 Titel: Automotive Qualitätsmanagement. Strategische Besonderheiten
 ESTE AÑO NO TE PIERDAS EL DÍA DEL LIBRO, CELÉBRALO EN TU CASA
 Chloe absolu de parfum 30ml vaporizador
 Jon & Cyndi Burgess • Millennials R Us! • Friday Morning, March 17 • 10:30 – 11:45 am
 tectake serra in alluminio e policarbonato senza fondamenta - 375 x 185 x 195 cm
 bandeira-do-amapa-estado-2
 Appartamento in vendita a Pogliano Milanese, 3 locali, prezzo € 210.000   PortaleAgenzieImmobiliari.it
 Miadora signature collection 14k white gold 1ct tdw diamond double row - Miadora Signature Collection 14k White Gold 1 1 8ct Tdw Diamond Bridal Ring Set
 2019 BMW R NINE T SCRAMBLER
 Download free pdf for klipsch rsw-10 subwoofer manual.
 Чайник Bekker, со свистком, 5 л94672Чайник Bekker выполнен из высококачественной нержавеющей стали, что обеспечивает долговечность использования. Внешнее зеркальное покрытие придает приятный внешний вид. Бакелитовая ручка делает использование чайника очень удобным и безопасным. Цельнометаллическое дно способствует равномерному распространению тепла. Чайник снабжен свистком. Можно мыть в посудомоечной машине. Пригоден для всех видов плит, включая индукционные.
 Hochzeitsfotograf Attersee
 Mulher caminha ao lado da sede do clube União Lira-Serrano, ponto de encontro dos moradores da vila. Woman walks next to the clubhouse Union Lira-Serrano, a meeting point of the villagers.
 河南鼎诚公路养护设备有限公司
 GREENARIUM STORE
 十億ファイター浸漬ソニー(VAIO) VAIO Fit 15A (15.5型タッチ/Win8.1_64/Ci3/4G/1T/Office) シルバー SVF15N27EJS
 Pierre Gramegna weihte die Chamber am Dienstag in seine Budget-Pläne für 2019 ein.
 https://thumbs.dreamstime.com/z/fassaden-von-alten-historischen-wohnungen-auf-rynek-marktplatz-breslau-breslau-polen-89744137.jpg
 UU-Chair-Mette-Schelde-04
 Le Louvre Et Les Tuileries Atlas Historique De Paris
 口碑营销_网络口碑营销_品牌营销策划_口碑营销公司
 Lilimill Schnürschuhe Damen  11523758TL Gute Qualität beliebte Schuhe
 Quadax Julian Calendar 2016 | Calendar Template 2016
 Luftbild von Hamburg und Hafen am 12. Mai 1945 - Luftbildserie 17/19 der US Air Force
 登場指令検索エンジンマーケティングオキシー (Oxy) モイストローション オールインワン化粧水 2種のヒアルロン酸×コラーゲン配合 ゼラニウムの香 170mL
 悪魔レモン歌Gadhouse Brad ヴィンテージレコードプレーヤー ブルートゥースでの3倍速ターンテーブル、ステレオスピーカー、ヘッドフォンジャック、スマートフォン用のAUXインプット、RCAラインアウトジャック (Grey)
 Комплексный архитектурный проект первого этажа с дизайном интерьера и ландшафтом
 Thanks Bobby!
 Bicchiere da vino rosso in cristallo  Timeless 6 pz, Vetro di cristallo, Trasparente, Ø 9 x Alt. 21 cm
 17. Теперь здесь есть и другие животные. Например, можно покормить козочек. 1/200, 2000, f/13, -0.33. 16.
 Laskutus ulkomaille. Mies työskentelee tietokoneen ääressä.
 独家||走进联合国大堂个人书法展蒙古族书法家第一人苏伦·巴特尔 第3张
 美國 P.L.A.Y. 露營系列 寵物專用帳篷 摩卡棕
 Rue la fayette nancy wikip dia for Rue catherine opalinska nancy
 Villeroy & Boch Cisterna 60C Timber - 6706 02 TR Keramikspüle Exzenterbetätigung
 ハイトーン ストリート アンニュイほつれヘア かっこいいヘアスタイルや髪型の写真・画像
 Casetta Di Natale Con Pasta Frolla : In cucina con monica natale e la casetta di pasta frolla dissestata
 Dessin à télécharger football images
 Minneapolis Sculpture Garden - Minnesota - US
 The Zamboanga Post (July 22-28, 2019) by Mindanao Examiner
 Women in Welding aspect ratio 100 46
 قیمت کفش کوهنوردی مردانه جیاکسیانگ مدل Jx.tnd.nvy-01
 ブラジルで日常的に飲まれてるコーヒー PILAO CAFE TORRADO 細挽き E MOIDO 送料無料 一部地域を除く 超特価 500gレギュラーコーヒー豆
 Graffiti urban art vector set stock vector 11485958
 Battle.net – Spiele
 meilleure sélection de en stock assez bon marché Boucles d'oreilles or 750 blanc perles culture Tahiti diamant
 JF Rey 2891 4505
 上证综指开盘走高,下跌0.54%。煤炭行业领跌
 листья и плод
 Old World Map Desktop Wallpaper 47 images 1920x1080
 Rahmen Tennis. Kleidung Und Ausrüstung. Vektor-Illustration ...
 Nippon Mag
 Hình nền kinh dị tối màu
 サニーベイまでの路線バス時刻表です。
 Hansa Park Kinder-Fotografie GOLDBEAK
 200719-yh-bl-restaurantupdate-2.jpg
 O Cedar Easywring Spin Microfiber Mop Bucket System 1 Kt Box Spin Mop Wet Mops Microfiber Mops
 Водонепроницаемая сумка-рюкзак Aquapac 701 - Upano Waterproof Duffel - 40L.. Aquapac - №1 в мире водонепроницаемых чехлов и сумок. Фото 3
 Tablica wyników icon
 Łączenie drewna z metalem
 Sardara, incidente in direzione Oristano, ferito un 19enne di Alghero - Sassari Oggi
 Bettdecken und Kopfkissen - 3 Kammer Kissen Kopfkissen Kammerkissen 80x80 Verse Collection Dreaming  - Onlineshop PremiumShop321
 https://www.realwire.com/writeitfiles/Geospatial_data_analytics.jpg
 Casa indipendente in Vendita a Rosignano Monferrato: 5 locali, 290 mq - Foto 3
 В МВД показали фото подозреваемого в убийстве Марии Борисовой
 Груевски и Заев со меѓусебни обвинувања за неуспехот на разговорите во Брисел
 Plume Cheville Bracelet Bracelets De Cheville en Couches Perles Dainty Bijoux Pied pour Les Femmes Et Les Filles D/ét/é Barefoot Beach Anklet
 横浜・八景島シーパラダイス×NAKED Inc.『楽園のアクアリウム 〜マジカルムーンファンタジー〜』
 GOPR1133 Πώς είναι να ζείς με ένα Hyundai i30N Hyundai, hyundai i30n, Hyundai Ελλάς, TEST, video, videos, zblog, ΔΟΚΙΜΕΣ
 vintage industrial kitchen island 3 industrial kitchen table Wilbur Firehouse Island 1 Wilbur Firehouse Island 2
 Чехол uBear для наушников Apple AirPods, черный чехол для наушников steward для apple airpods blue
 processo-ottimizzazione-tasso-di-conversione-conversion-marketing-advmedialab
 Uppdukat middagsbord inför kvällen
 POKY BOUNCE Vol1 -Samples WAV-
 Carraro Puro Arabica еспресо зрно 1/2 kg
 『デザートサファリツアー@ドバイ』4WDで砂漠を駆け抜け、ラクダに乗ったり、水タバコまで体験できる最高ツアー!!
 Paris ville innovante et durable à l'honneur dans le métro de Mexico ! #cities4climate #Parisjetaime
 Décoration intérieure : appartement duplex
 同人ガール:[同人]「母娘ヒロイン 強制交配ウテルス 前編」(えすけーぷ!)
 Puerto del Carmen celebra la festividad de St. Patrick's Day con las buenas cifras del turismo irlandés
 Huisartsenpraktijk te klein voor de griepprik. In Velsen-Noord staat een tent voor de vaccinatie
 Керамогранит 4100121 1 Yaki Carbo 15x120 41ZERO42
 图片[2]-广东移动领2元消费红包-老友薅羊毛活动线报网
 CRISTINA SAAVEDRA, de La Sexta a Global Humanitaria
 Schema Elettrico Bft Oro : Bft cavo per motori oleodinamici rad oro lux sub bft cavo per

______

[WORK REQUEST]
Among the records above, only the lines between the line holding "Bicchiere da vino" and the line holding "独家||走进联合国大堂个人书法展蒙古族书法家第一人苏伦·巴特尔 第3张", inclusive, are to be output, exactly as written.

[ANSWER AREA]
 Bicchiere da vino rosso in cristallo  Timeless 6 pz, Vetro di cristallo, Trasparente, Ø 9 x Alt. 21 cm
 17. Теперь здесь есть и другие животные. Например, можно покормить козочек. 1/200, 2000, f/13, -0.33. 16.
 Laskutus ulkomaille. Mies työskentelee tietokoneen ääressä.
 独家||走进联合国大堂个人书法展蒙古族书法家第一人苏伦·巴特尔 第3张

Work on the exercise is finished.